◆ DATA SECTION ◆
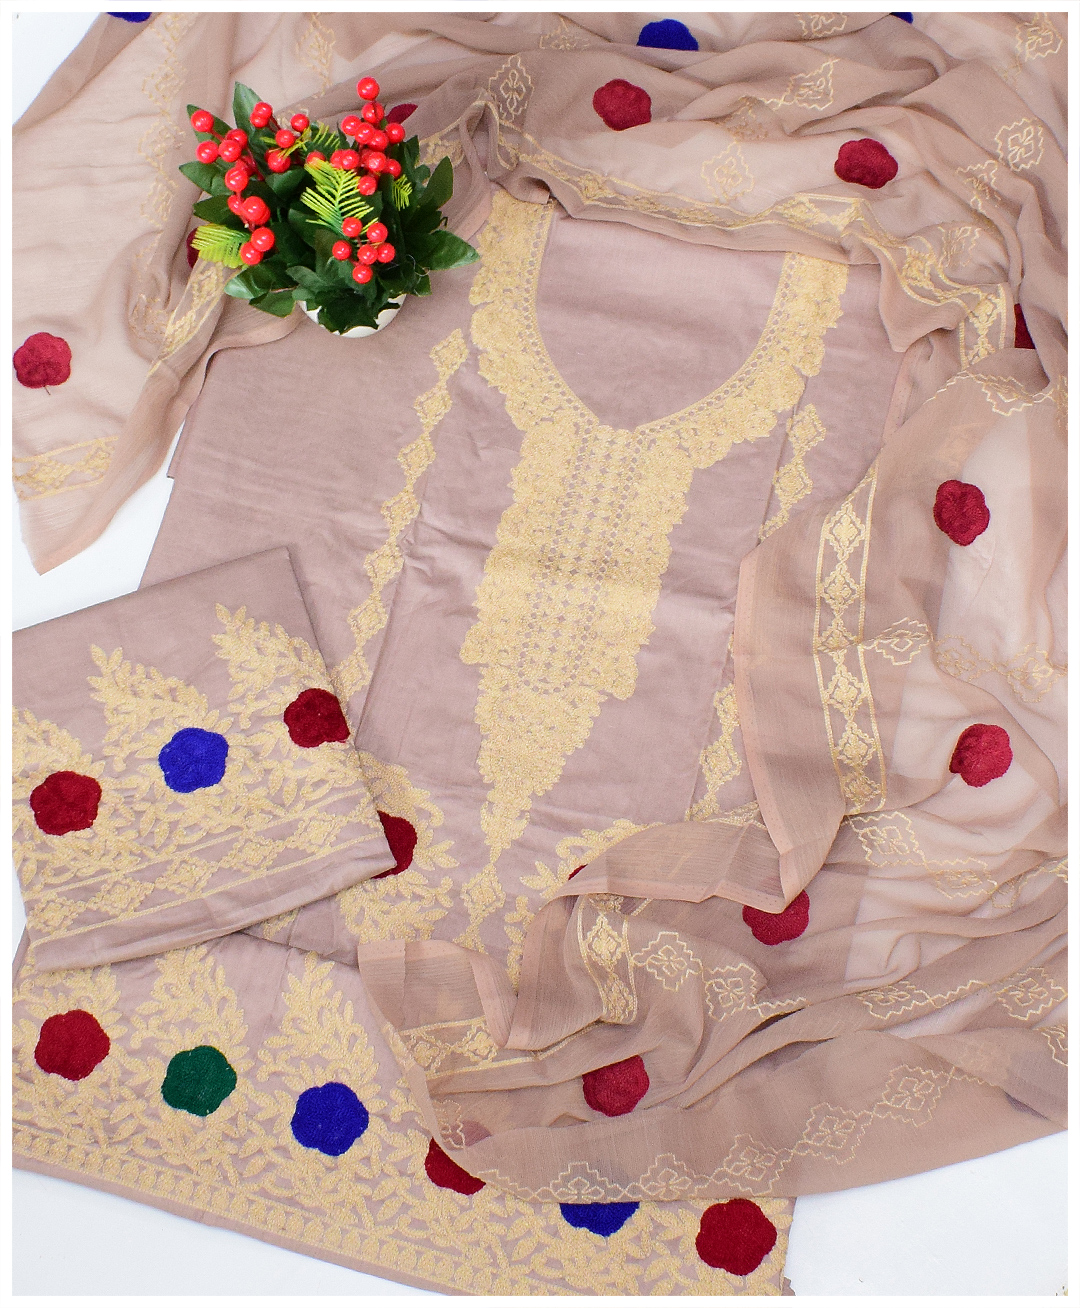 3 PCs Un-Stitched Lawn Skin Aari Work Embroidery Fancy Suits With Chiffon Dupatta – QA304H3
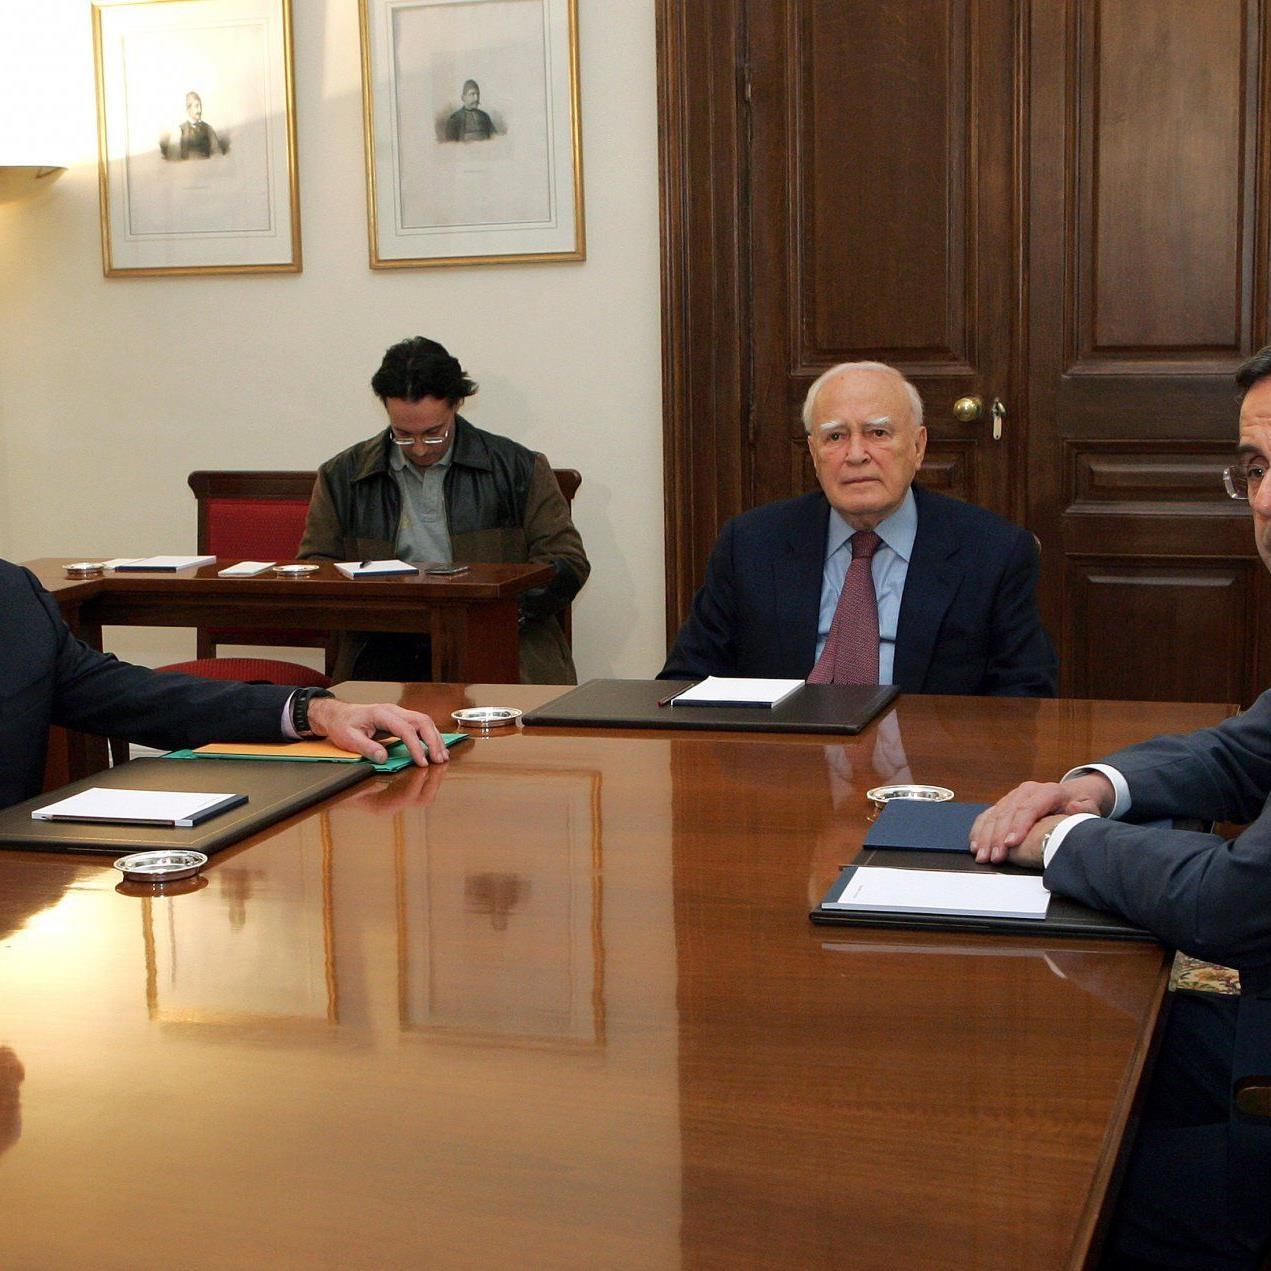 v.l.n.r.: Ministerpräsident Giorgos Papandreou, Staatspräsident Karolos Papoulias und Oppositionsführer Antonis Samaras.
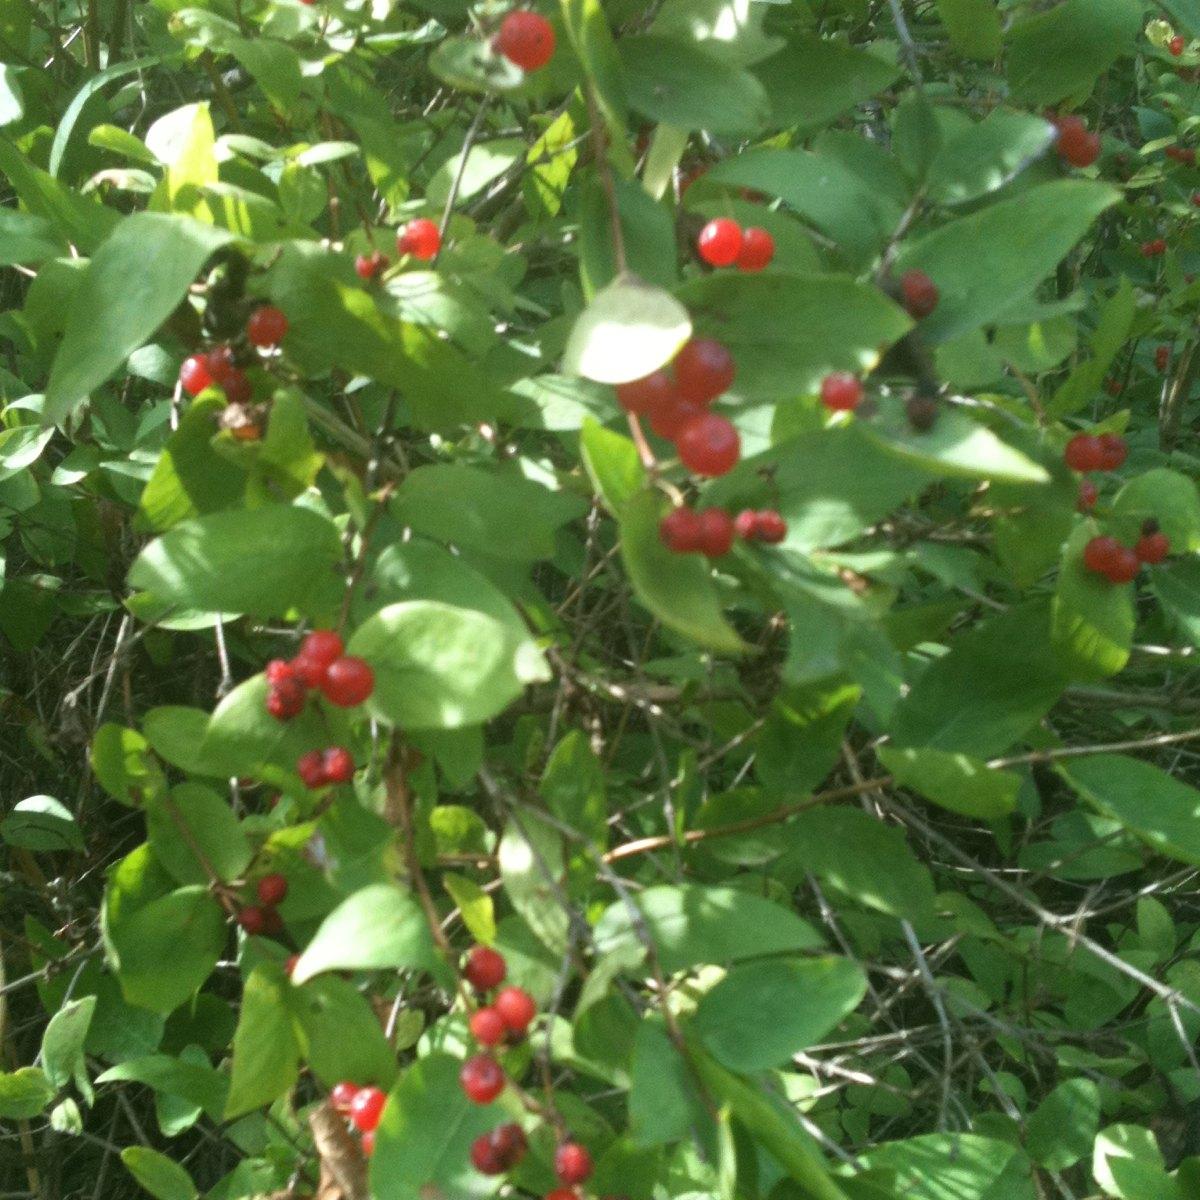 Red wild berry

◆ WHAT TO DO ◆
Give back every line of the material exactly as written, but not the pictures.

◆ RESULT OF THIS TASK ◆
 3 PCs Un-Stitched Lawn Skin Aari Work Embroidery Fancy Suits With Chiffon Dupatta – QA304H3
 v.l.n.r.: Ministerpräsident Giorgos Papandreou, Staatspräsident Karolos Papoulias und Oppositionsführer Antonis Samaras.
 Red wild berry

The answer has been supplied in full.